■ **Requirement**
Each record must be repeated exactly. None may be dropped.

■ **Data records**

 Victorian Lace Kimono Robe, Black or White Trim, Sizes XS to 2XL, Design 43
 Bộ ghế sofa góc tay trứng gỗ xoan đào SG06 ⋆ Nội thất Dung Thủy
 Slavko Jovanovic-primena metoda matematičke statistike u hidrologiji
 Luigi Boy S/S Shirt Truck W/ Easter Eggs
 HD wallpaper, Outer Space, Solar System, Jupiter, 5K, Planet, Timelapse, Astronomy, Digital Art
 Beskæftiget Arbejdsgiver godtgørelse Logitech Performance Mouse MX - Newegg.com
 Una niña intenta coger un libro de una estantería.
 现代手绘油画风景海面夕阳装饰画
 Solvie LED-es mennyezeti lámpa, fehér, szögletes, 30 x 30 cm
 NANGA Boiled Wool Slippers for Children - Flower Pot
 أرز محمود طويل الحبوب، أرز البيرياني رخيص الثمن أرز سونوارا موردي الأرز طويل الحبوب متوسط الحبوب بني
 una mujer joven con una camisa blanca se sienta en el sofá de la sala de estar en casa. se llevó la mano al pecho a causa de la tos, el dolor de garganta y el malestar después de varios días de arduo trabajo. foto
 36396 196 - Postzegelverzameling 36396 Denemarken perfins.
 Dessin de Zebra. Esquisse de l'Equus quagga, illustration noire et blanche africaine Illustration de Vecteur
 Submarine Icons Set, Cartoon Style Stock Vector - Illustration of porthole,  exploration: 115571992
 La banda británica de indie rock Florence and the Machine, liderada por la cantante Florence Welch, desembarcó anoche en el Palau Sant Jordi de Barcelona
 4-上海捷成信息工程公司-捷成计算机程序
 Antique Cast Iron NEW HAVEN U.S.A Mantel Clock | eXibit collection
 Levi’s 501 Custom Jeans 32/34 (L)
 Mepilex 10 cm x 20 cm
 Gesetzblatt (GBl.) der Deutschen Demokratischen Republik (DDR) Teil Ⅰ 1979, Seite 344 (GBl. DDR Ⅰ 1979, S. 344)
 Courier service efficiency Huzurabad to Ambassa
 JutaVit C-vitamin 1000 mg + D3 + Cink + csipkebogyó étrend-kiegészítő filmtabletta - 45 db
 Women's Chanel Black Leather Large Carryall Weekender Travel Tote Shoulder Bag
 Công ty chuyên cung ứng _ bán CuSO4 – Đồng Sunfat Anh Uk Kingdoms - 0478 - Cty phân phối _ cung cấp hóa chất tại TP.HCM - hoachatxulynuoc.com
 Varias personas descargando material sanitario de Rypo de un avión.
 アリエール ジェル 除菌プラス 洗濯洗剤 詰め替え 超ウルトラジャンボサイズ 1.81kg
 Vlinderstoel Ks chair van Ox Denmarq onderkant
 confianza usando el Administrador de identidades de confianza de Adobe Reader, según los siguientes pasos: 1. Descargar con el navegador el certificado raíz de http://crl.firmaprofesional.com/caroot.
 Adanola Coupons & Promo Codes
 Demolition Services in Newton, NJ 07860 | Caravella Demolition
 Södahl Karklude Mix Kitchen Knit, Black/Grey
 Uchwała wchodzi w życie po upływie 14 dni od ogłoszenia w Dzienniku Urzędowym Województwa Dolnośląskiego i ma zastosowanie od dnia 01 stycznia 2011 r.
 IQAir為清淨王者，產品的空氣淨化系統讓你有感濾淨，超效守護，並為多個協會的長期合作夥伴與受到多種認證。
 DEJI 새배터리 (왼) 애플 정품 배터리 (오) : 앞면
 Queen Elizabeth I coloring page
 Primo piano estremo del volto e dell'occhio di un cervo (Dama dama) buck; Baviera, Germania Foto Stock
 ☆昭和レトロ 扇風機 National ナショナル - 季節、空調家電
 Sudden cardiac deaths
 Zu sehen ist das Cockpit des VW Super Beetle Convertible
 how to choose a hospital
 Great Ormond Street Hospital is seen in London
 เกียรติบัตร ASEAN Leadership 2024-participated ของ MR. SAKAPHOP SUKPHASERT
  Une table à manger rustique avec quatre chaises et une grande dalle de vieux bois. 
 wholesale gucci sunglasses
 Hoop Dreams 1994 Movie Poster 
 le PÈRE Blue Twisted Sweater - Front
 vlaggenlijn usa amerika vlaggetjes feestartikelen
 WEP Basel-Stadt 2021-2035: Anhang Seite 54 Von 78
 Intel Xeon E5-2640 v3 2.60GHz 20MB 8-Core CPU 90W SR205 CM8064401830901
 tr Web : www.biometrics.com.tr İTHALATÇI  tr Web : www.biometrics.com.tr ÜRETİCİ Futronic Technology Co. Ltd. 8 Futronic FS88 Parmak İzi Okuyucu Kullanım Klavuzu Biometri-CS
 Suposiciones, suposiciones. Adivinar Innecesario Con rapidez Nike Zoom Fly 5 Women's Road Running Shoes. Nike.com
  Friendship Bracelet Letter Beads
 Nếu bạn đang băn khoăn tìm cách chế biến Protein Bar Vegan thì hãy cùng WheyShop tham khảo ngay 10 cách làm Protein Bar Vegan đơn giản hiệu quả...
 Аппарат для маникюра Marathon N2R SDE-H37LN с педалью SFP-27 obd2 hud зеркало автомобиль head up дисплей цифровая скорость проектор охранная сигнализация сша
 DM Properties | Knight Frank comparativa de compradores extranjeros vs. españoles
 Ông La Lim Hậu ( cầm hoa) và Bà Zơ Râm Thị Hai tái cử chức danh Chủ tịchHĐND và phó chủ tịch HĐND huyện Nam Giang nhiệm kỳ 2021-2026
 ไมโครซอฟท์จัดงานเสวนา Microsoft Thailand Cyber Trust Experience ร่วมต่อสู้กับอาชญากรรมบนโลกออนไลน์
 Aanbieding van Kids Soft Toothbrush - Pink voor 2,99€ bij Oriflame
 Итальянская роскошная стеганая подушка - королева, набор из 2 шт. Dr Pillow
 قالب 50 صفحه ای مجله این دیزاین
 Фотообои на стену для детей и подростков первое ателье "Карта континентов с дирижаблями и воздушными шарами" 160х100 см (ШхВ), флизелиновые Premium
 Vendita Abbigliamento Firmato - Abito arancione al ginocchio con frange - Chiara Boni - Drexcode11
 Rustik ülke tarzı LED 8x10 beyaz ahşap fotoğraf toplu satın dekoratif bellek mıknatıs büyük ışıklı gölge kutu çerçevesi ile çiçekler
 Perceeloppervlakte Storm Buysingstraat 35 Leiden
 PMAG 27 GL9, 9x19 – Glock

■ **Result of the task**
 Victorian Lace Kimono Robe, Black or White Trim, Sizes XS to 2XL, Design 43
 Bộ ghế sofa góc tay trứng gỗ xoan đào SG06 ⋆ Nội thất Dung Thủy
 Slavko Jovanovic-primena metoda matematičke statistike u hidrologiji
 Luigi Boy S/S Shirt Truck W/ Easter Eggs
 HD wallpaper, Outer Space, Solar System, Jupiter, 5K, Planet, Timelapse, Astronomy, Digital Art
 Beskæftiget Arbejdsgiver godtgørelse Logitech Performance Mouse MX - Newegg.com
 Una niña intenta coger un libro de una estantería.
 现代手绘油画风景海面夕阳装饰画
 Solvie LED-es mennyezeti lámpa, fehér, szögletes, 30 x 30 cm
 NANGA Boiled Wool Slippers for Children - Flower Pot
 أرز محمود طويل الحبوب، أرز البيرياني رخيص الثمن أرز سونوارا موردي الأرز طويل الحبوب متوسط الحبوب بني
 una mujer joven con una camisa blanca se sienta en el sofá de la sala de estar en casa. se llevó la mano al pecho a causa de la tos, el dolor de garganta y el malestar después de varios días de arduo trabajo. foto
 36396 196 - Postzegelverzameling 36396 Denemarken perfins.
 Dessin de Zebra. Esquisse de l'Equus quagga, illustration noire et blanche africaine Illustration de Vecteur
 Submarine Icons Set, Cartoon Style Stock Vector - Illustration of porthole,  exploration: 115571992
 La banda británica de indie rock Florence and the Machine, liderada por la cantante Florence Welch, desembarcó anoche en el Palau Sant Jordi de Barcelona
 4-上海捷成信息工程公司-捷成计算机程序
 Antique Cast Iron NEW HAVEN U.S.A Mantel Clock | eXibit collection
 Levi’s 501 Custom Jeans 32/34 (L)
 Mepilex 10 cm x 20 cm
 Gesetzblatt (GBl.) der Deutschen Demokratischen Republik (DDR) Teil Ⅰ 1979, Seite 344 (GBl. DDR Ⅰ 1979, S. 344)
 Courier service efficiency Huzurabad to Ambassa
 JutaVit C-vitamin 1000 mg + D3 + Cink + csipkebogyó étrend-kiegészítő filmtabletta - 45 db
 Women's Chanel Black Leather Large Carryall Weekender Travel Tote Shoulder Bag
 Công ty chuyên cung ứng _ bán CuSO4 – Đồng Sunfat Anh Uk Kingdoms - 0478 - Cty phân phối _ cung cấp hóa chất tại TP.HCM - hoachatxulynuoc.com
 Varias personas descargando material sanitario de Rypo de un avión.
 アリエール ジェル 除菌プラス 洗濯洗剤 詰め替え 超ウルトラジャンボサイズ 1.81kg
 Vlinderstoel Ks chair van Ox Denmarq onderkant
 confianza usando el Administrador de identidades de confianza de Adobe Reader, según los siguientes pasos: 1. Descargar con el navegador el certificado raíz de http://crl.firmaprofesional.com/caroot.
 Adanola Coupons & Promo Codes
 Demolition Services in Newton, NJ 07860 | Caravella Demolition
 Södahl Karklude Mix Kitchen Knit, Black/Grey
 Uchwała wchodzi w życie po upływie 14 dni od ogłoszenia w Dzienniku Urzędowym Województwa Dolnośląskiego i ma zastosowanie od dnia 01 stycznia 2011 r.
 IQAir為清淨王者，產品的空氣淨化系統讓你有感濾淨，超效守護，並為多個協會的長期合作夥伴與受到多種認證。
 DEJI 새배터리 (왼) 애플 정품 배터리 (오) : 앞면
 Queen Elizabeth I coloring page
 Primo piano estremo del volto e dell'occhio di un cervo (Dama dama) buck; Baviera, Germania Foto Stock
 ☆昭和レトロ 扇風機 National ナショナル - 季節、空調家電
 Sudden cardiac deaths
 Zu sehen ist das Cockpit des VW Super Beetle Convertible
 how to choose a hospital
 Great Ormond Street Hospital is seen in London
 เกียรติบัตร ASEAN Leadership 2024-participated ของ MR. SAKAPHOP SUKPHASERT
  Une table à manger rustique avec quatre chaises et une grande dalle de vieux bois. 
 wholesale gucci sunglasses
 Hoop Dreams 1994 Movie Poster 
 le PÈRE Blue Twisted Sweater - Front
 vlaggenlijn usa amerika vlaggetjes feestartikelen
 WEP Basel-Stadt 2021-2035: Anhang Seite 54 Von 78
 Intel Xeon E5-2640 v3 2.60GHz 20MB 8-Core CPU 90W SR205 CM8064401830901
 tr Web : www.biometrics.com.tr İTHALATÇI  tr Web : www.biometrics.com.tr ÜRETİCİ Futronic Technology Co. Ltd. 8 Futronic FS88 Parmak İzi Okuyucu Kullanım Klavuzu Biometri-CS
 Suposiciones, suposiciones. Adivinar Innecesario Con rapidez Nike Zoom Fly 5 Women's Road Running Shoes. Nike.com
  Friendship Bracelet Letter Beads
 Nếu bạn đang băn khoăn tìm cách chế biến Protein Bar Vegan thì hãy cùng WheyShop tham khảo ngay 10 cách làm Protein Bar Vegan đơn giản hiệu quả...
 Аппарат для маникюра Marathon N2R SDE-H37LN с педалью SFP-27 obd2 hud зеркало автомобиль head up дисплей цифровая скорость проектор охранная сигнализация сша
 DM Properties | Knight Frank comparativa de compradores extranjeros vs. españoles
 Ông La Lim Hậu ( cầm hoa) và Bà Zơ Râm Thị Hai tái cử chức danh Chủ tịchHĐND và phó chủ tịch HĐND huyện Nam Giang nhiệm kỳ 2021-2026
 ไมโครซอฟท์จัดงานเสวนา Microsoft Thailand Cyber Trust Experience ร่วมต่อสู้กับอาชญากรรมบนโลกออนไลน์
 Aanbieding van Kids Soft Toothbrush - Pink voor 2,99€ bij Oriflame
 Итальянская роскошная стеганая подушка - королева, набор из 2 шт. Dr Pillow
 قالب 50 صفحه ای مجله این دیزاین
 Фотообои на стену для детей и подростков первое ателье "Карта континентов с дирижаблями и воздушными шарами" 160х100 см (ШхВ), флизелиновые Premium
 Vendita Abbigliamento Firmato - Abito arancione al ginocchio con frange - Chiara Boni - Drexcode11
 Rustik ülke tarzı LED 8x10 beyaz ahşap fotoğraf toplu satın dekoratif bellek mıknatıs büyük ışıklı gölge kutu çerçevesi ile çiçekler
 Perceeloppervlakte Storm Buysingstraat 35 Leiden
 PMAG 27 GL9, 9x19 – Glock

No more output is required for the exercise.